Amazon Runs Ads on ChatGPT While Aggressively Blocking AI From Scraping Its Own Data
Amazon has begun placing advertisements on ChatGPT in a bid to capture the AI platform’s enormous user base — all while aggressively locking down its own product data to prevent AI systems from doing exactly the same thing in reverse. The move exposes a deep and telling contradiction at the heart of the e-commerce giant’s artificial intelligence strategy.

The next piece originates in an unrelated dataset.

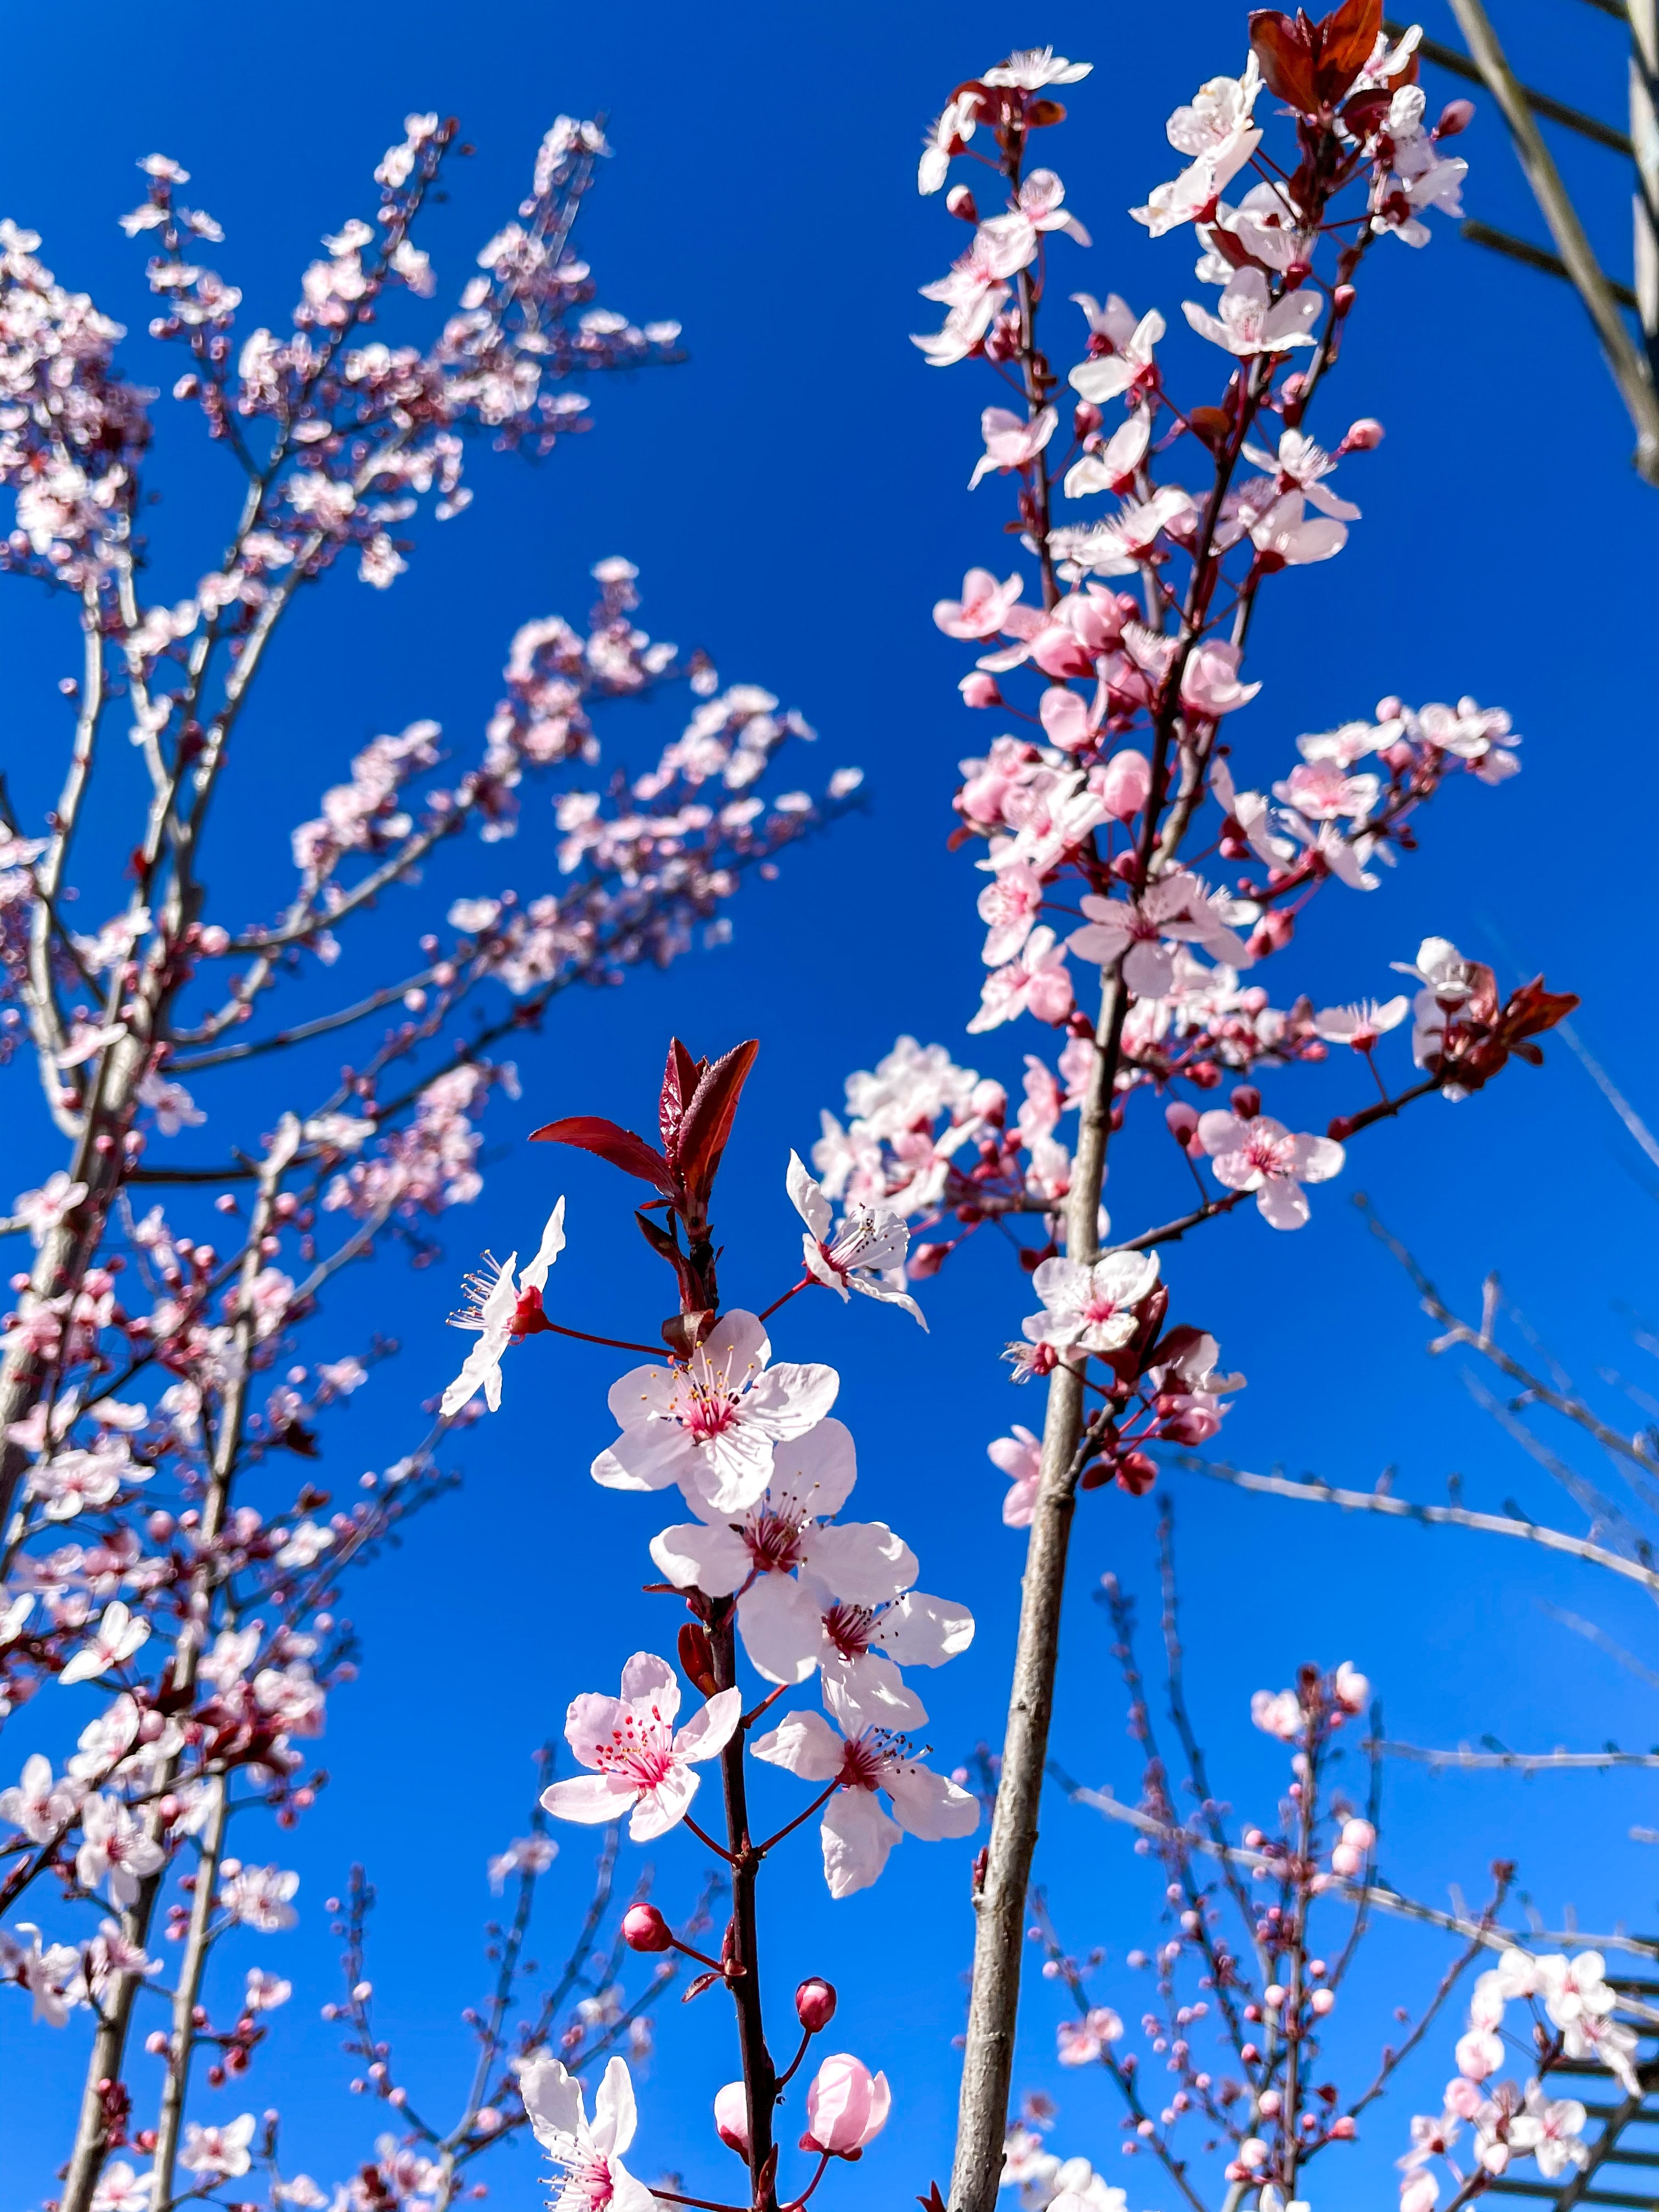 4k Cherry Blossom Photos

Rather than opening its product catalog for integration and indexing by AI platforms, Amazon is treating them purely as traffic acquisition channels — a paid funnel to redirect consumers back to its own walled-garden marketplace. The company is effectively saying: AI platforms are valuable enough to advertise on, but not trustworthy enough to share data with.
This two-faced posture didn’t emerge overnight. Amazon has systematically built a fortress around its shopping data over the past year. According to marketplace intelligence firm Marketplace Pulse, Amazon stopped providing product data feeds to Google Shopping last year. At the same time, it updated its underlying platform code to block a range of crawler bots — including OpenAI’s own web scraper. Earlier this year, the company went a step further, securing a court injunction to forcibly prevent Perplexity’s AI agent from scraping its platform data.
The strategy is clear: Amazon sees AI platforms as a massive new distribution channel for reaching shoppers, but it has no intention of letting those same platforms build competing shopping experiences off Amazon’s own product intelligence. Every click Amazon buys on ChatGPT is a customer it hopes to lock into its ecosystem — a customer who, once inside, will browse products that no external AI can catalog or compare against alternatives elsewhere.
For OpenAI, Amazon’s advertising dollars represent an early but significant validation of ChatGPT’s potential as an ad-supported platform. The deal signals that major advertisers are beginning to view AI chat interfaces as a legitimate channel alongside search and social media — even as the broader industry wrestles with the unresolved tensions between data openness and data protection in the age of AI.